Second, a much better understanding is needed of the dynamics of the initial moments of the respiratory plume, based on experimental studies and focusing on multiphase jet dynamics. This lack of knowledge has important consequences because the first seconds of the respiratory plume are critical for the airborne transmission of respiratory pathogens, particularly for people in close proximity.

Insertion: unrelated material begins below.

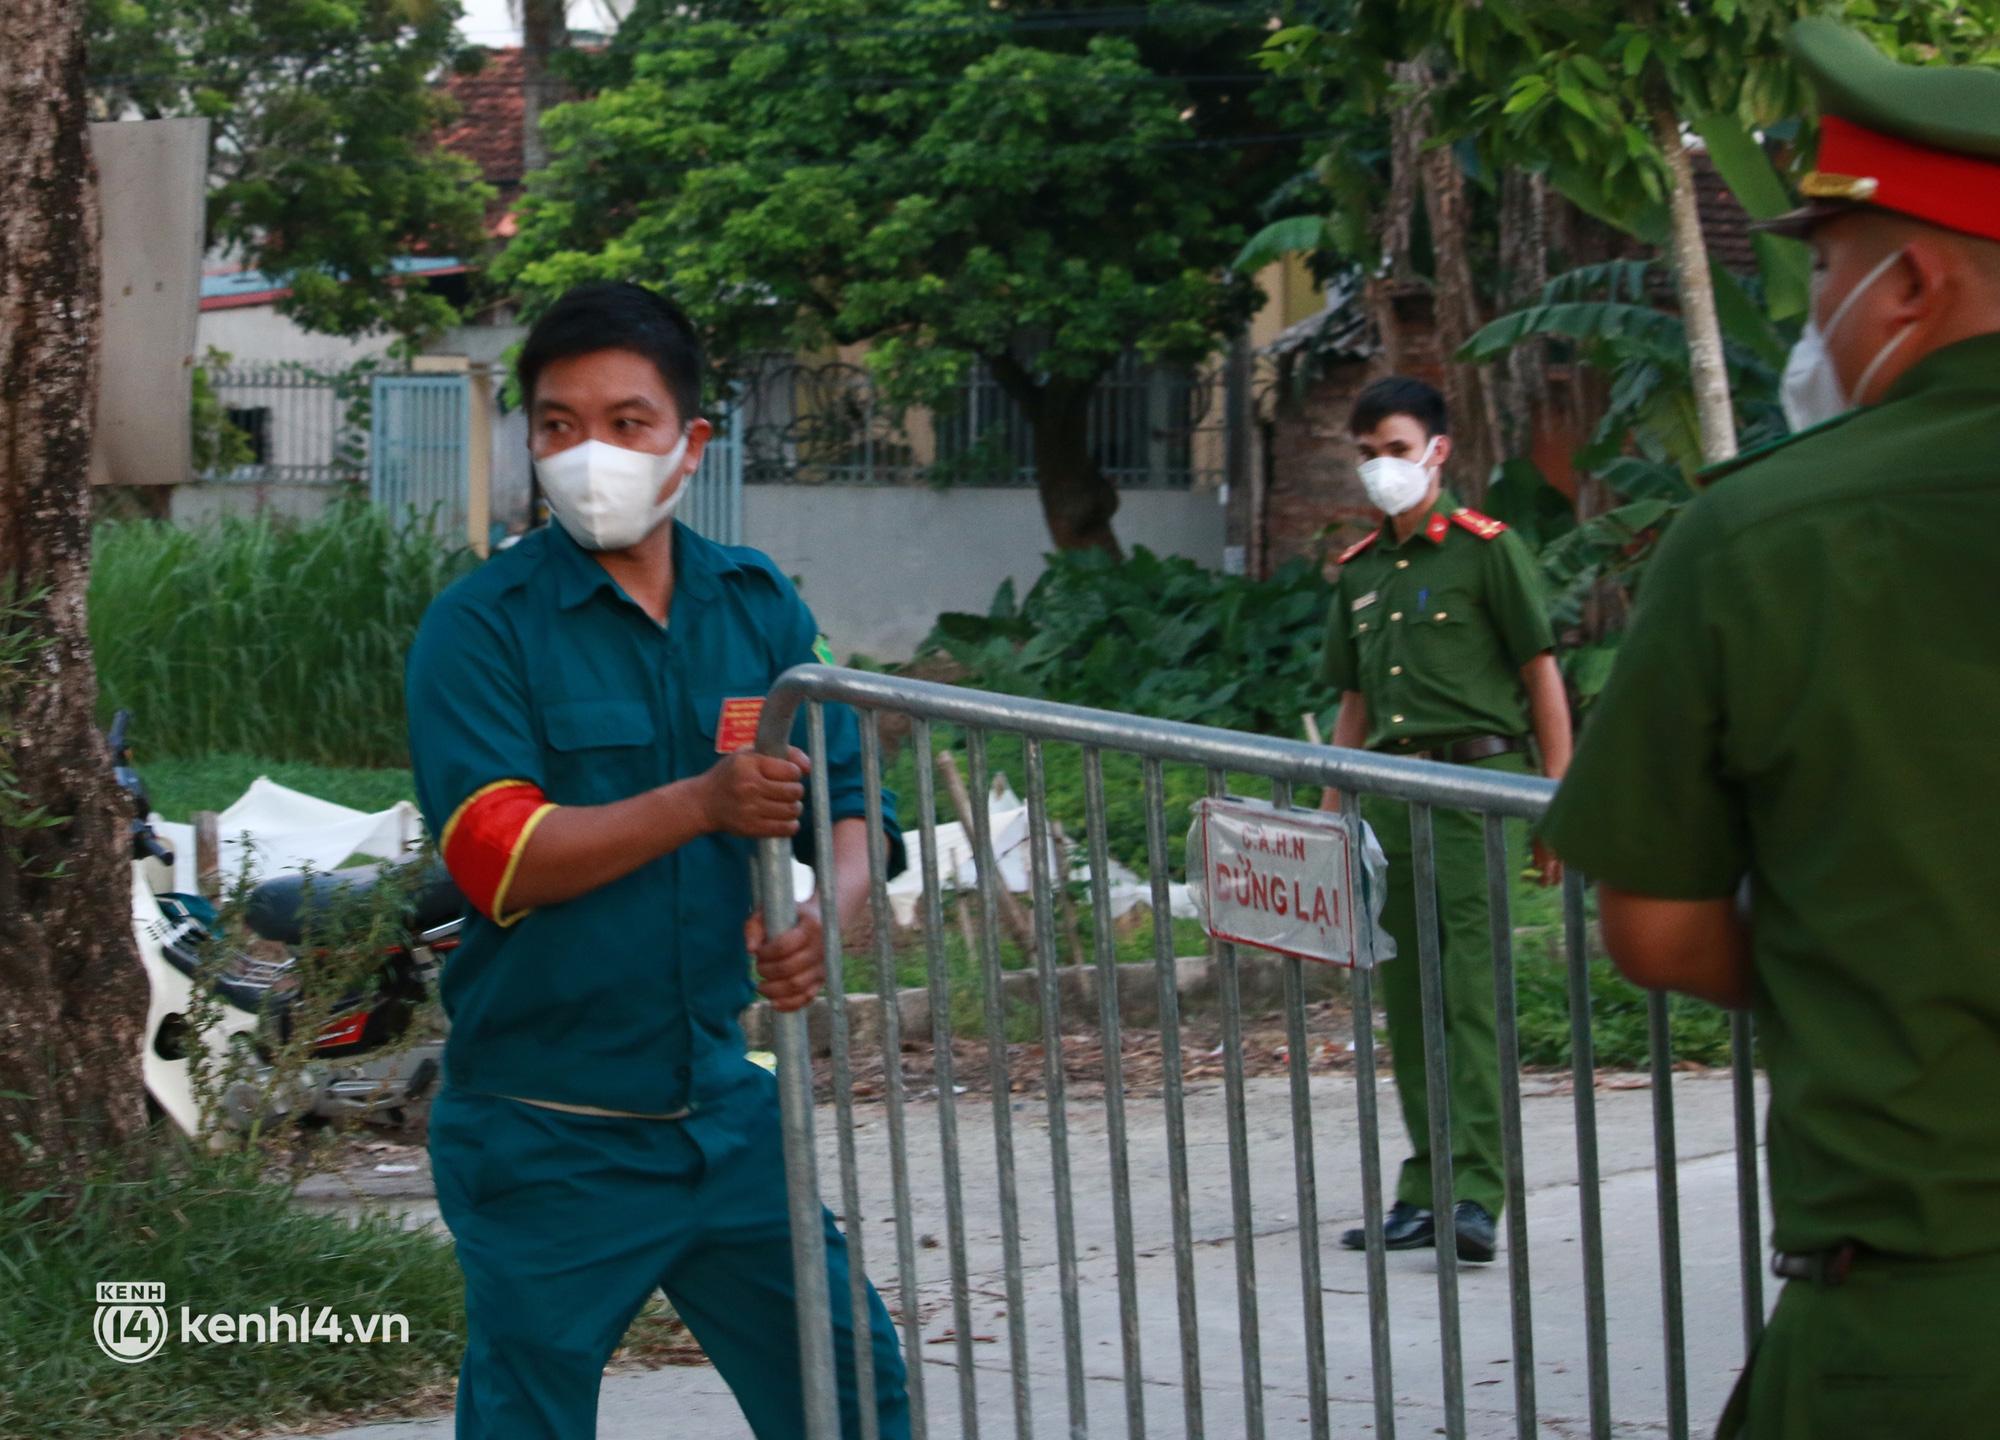 Ảnh: Khẩn trương xét nghiệm hơn 9.000 dân sau khi phát hiện 5 ca mắc Covid-19 ở ngoại thành Hà Nội - Ảnh 2.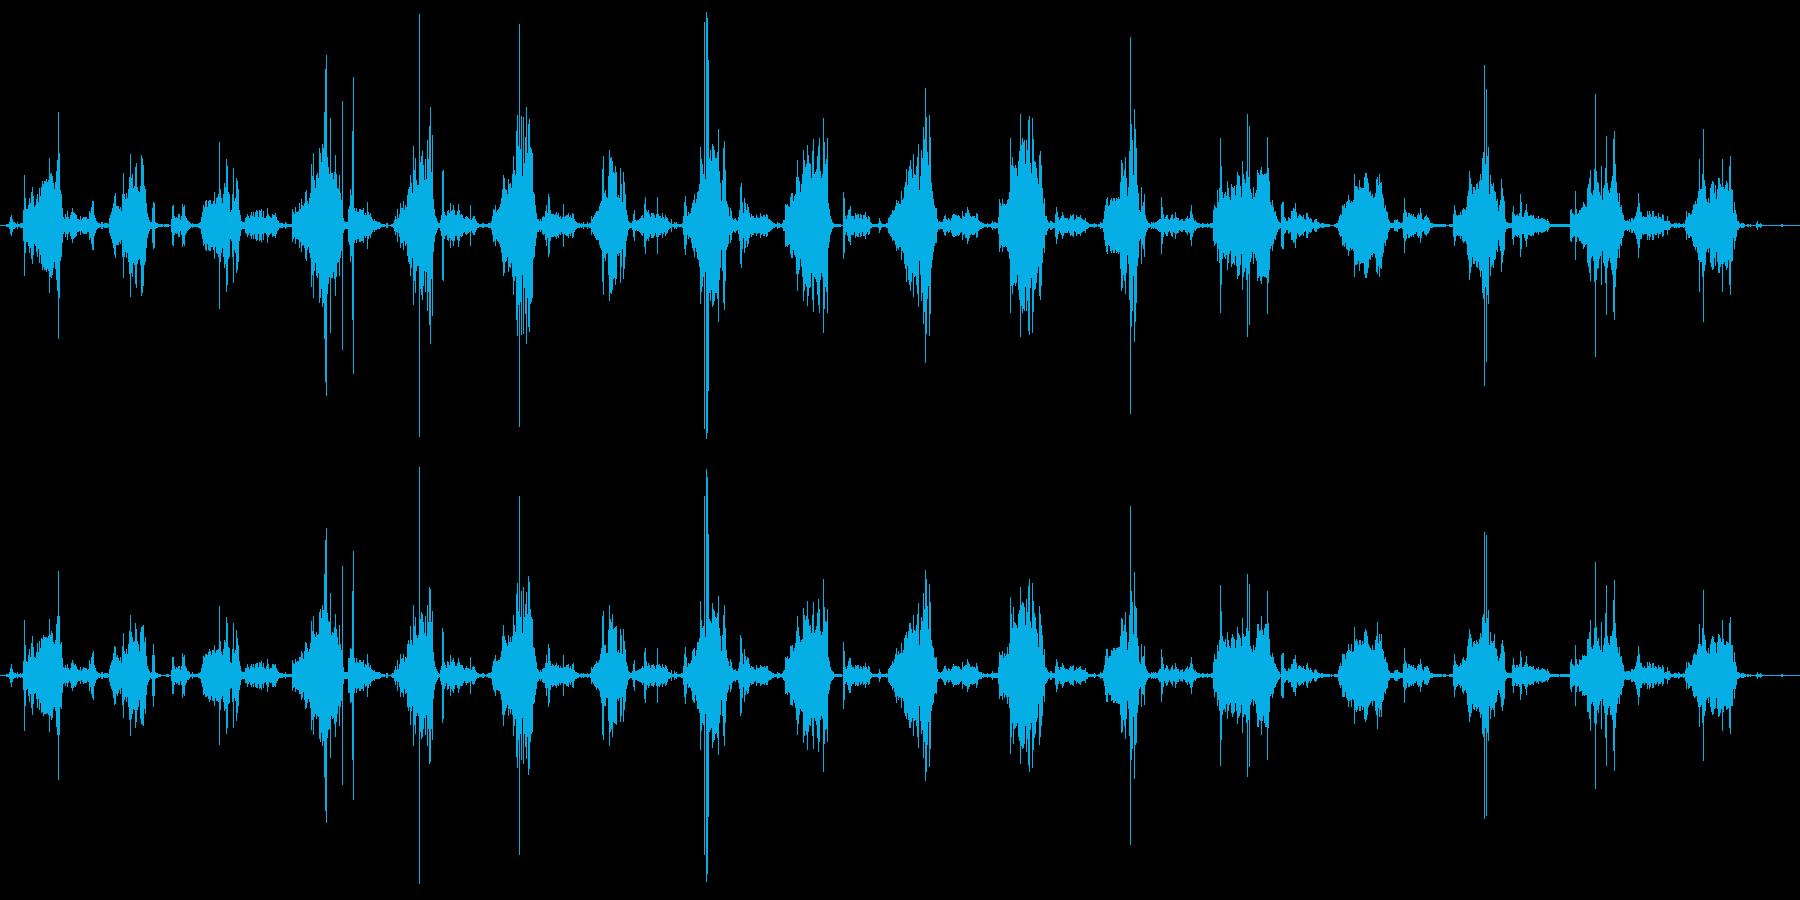 ハンドプレーン:ロングパスオーバー...の再生済みの波形

Third, the dynamics of the particles in the lungs is far from being sufficiently understood. The lack of such knowledge has far-reaching consequences, one of them being that the dose–response relationships used to evaluate the risk of infection from exposure to virus-laden particles typically do not explicitly include the deposition fraction, owing to its uncertainty162. Focused efforts are needed experimentally, theoretically and computationally to provide a holistic approach to the physics that drives the elements of the process.